| Task objective |
Find, in the records below, the line that contains "Close Encounters of" and the line that contains "Library with study spaces". Copy those two lines and everything between them exactly, but not the pictures.

| Record excerpts |

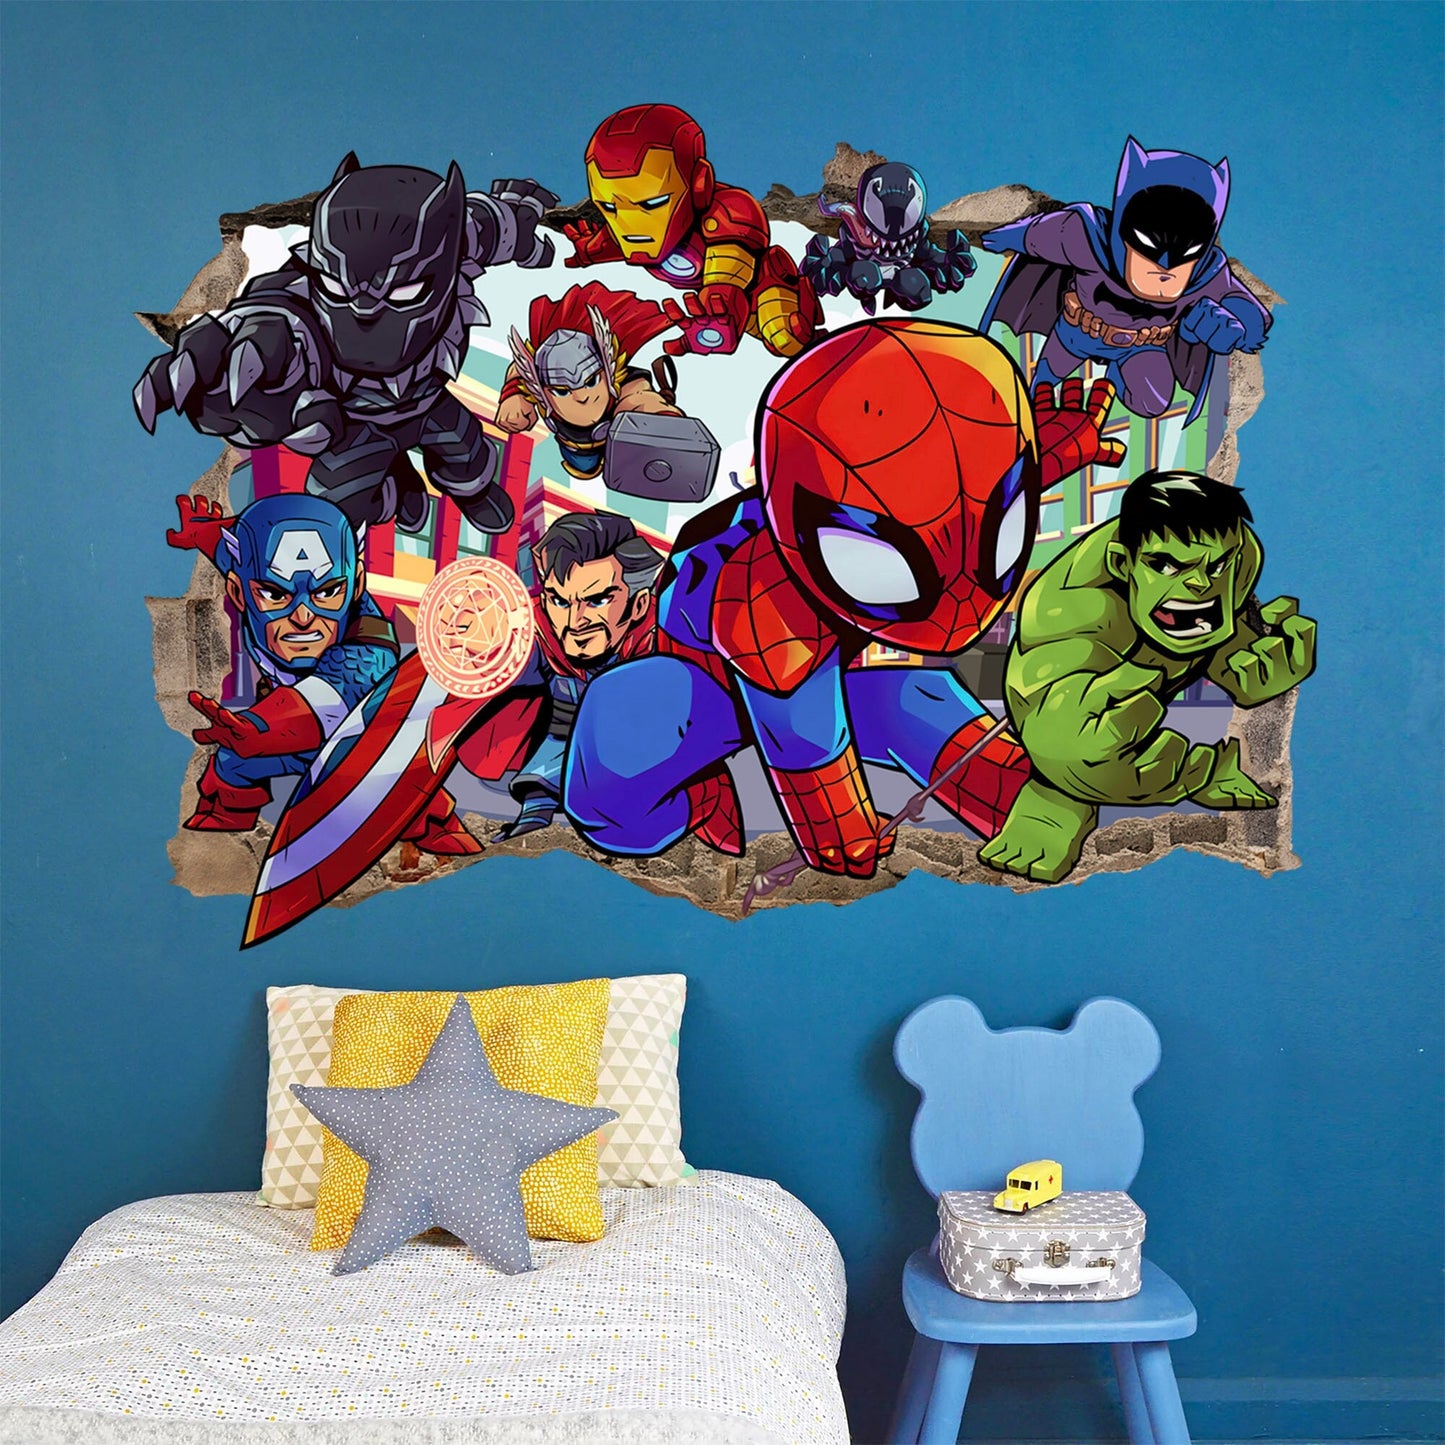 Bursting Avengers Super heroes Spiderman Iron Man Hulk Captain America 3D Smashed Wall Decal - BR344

...

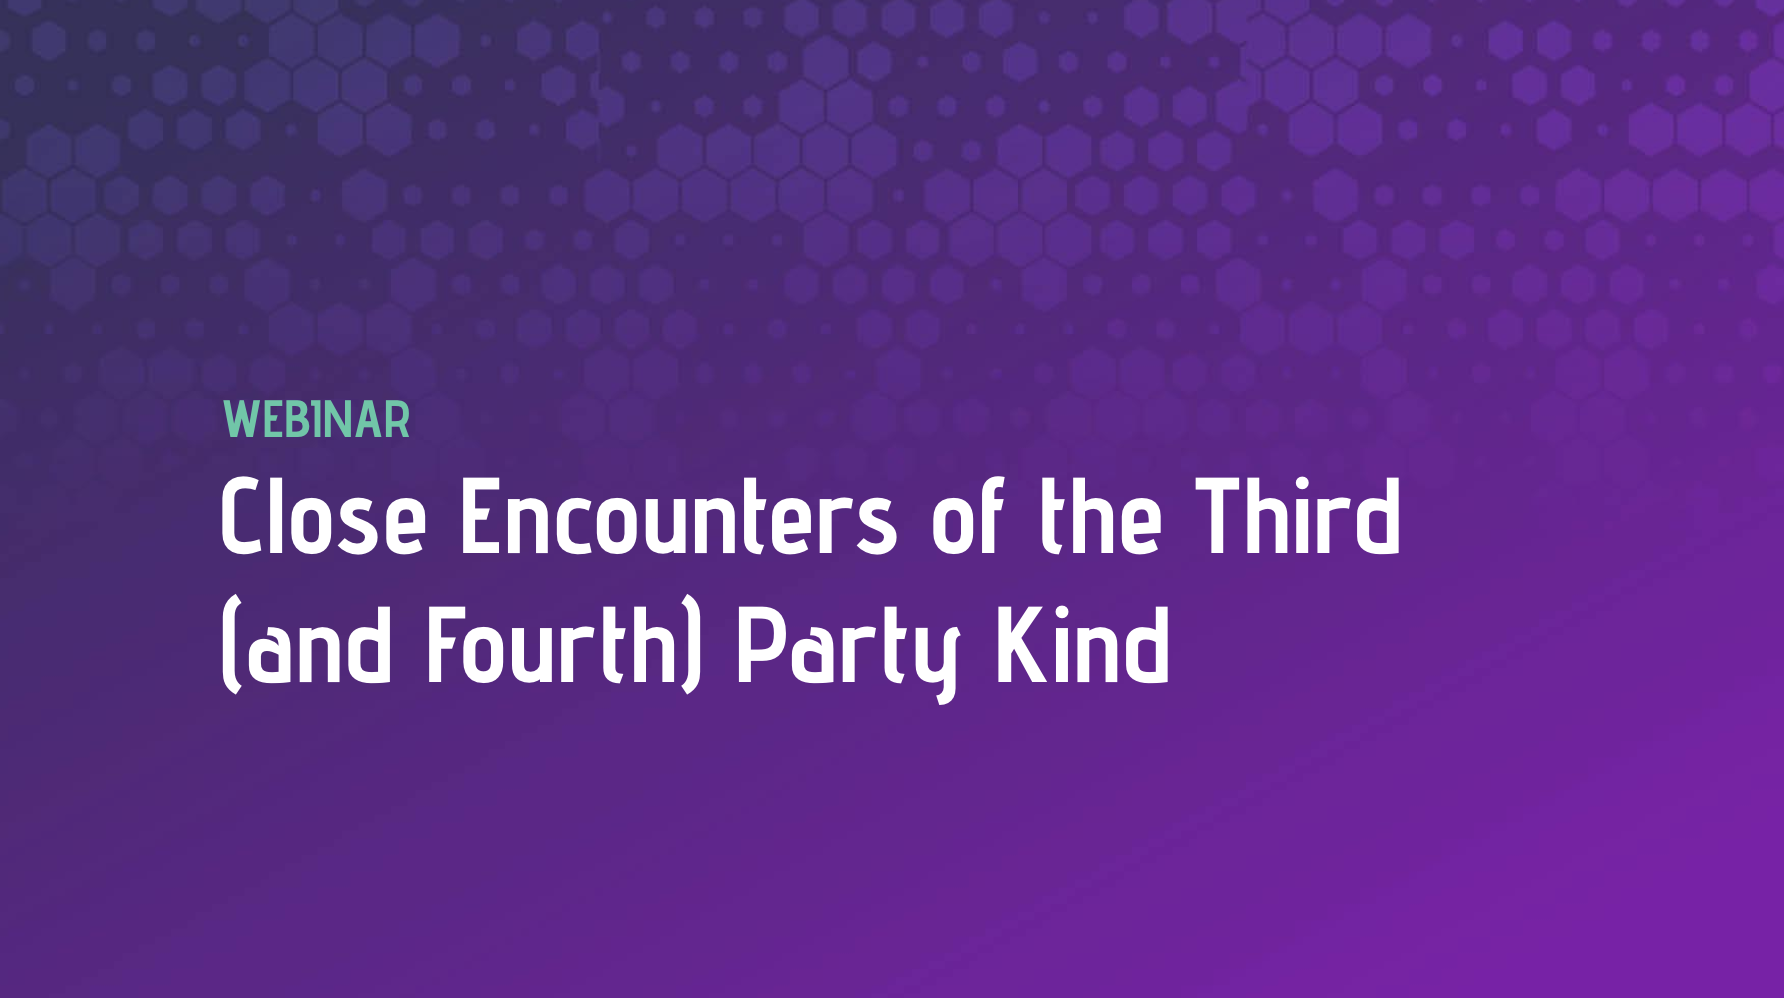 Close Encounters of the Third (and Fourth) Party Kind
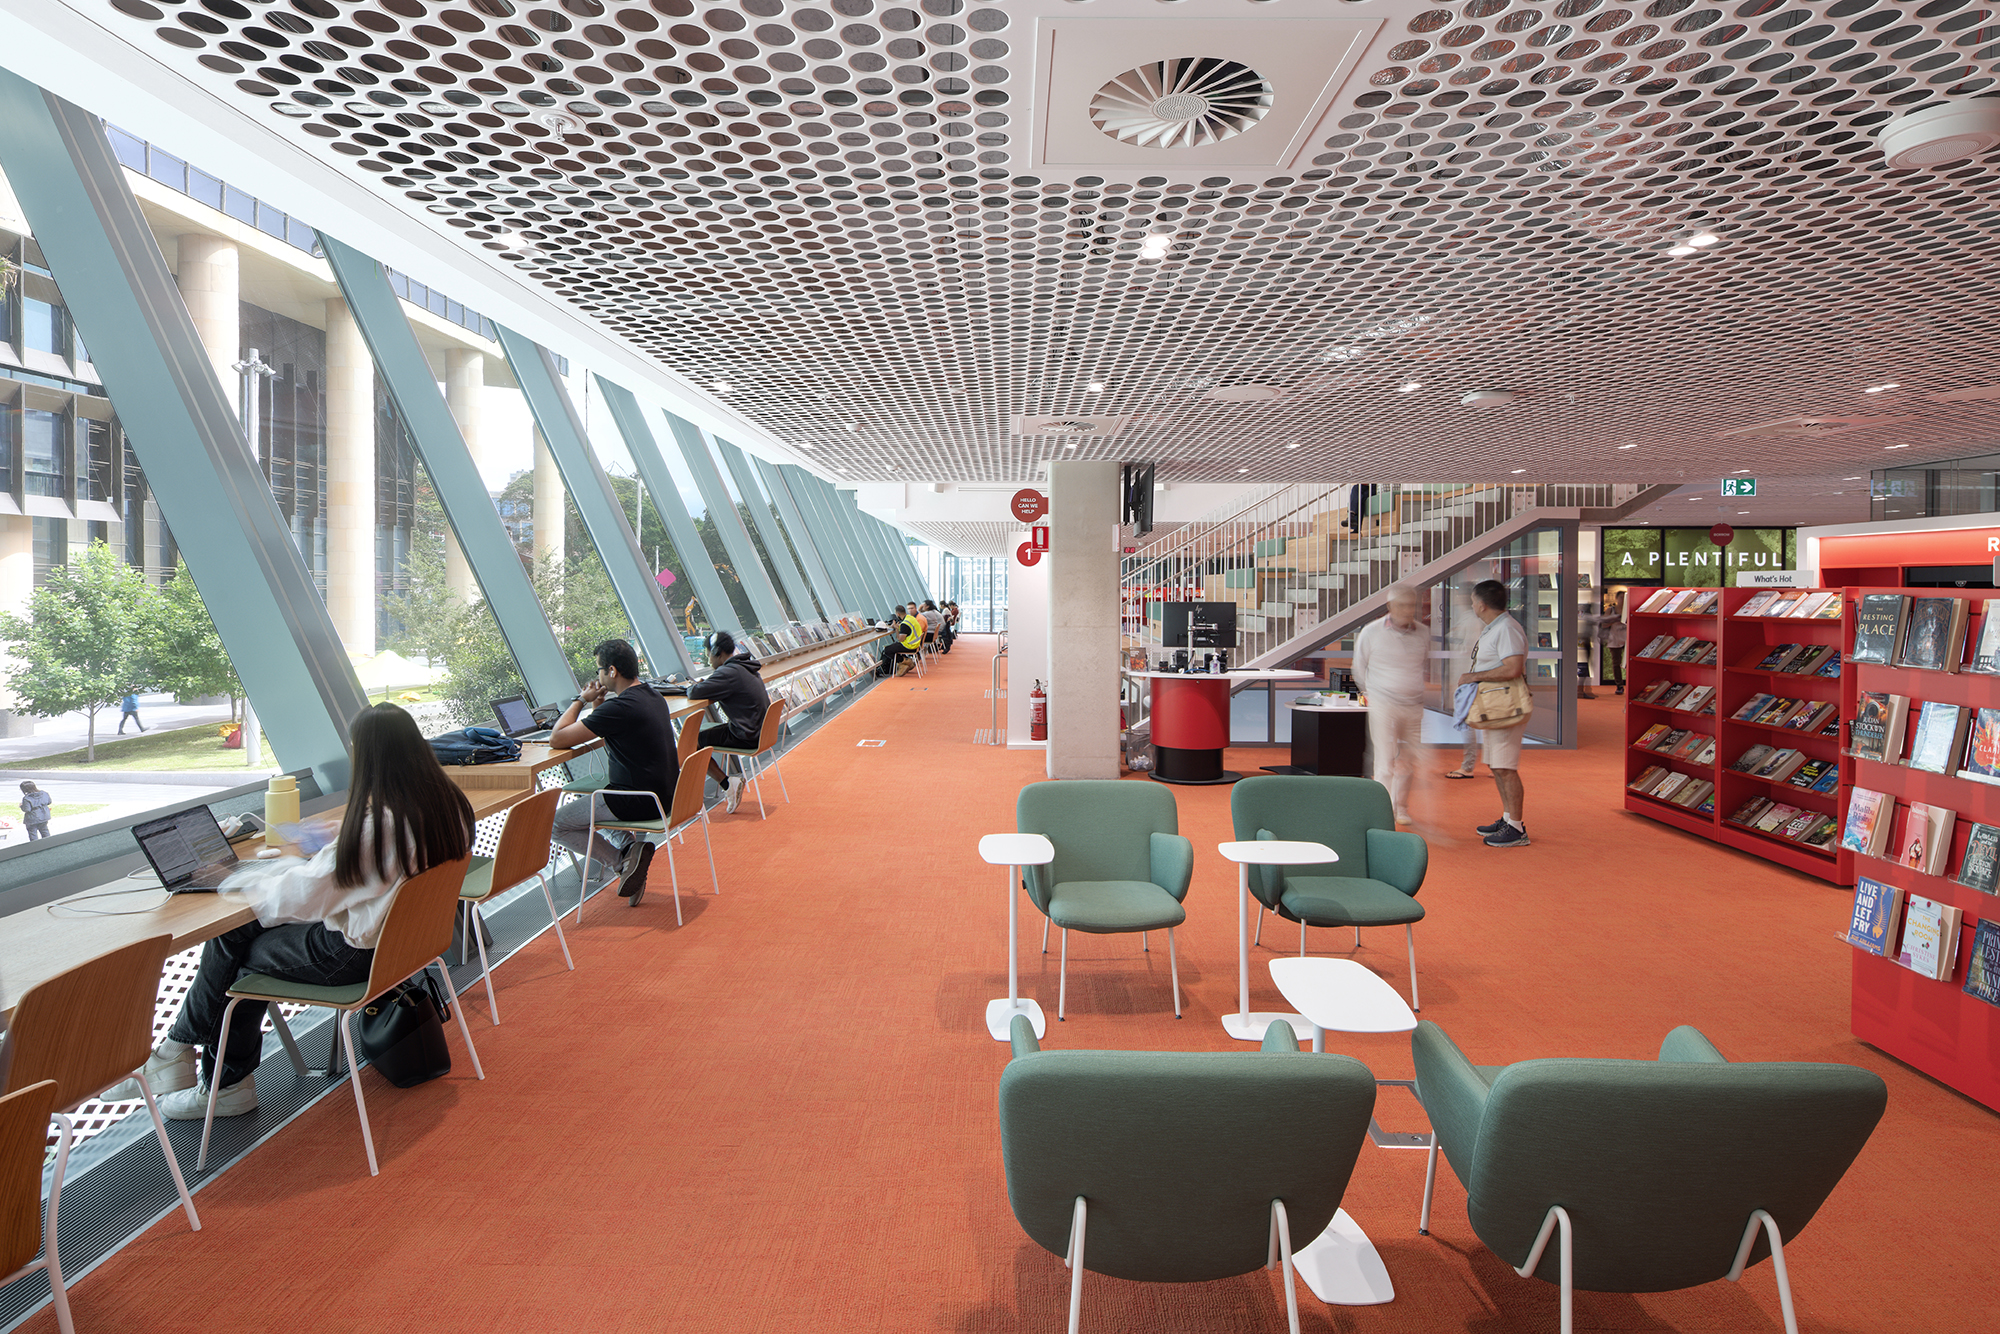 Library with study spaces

| Finished exercise |
 Close Encounters of the Third (and Fourth) Party Kind
 Library with study spaces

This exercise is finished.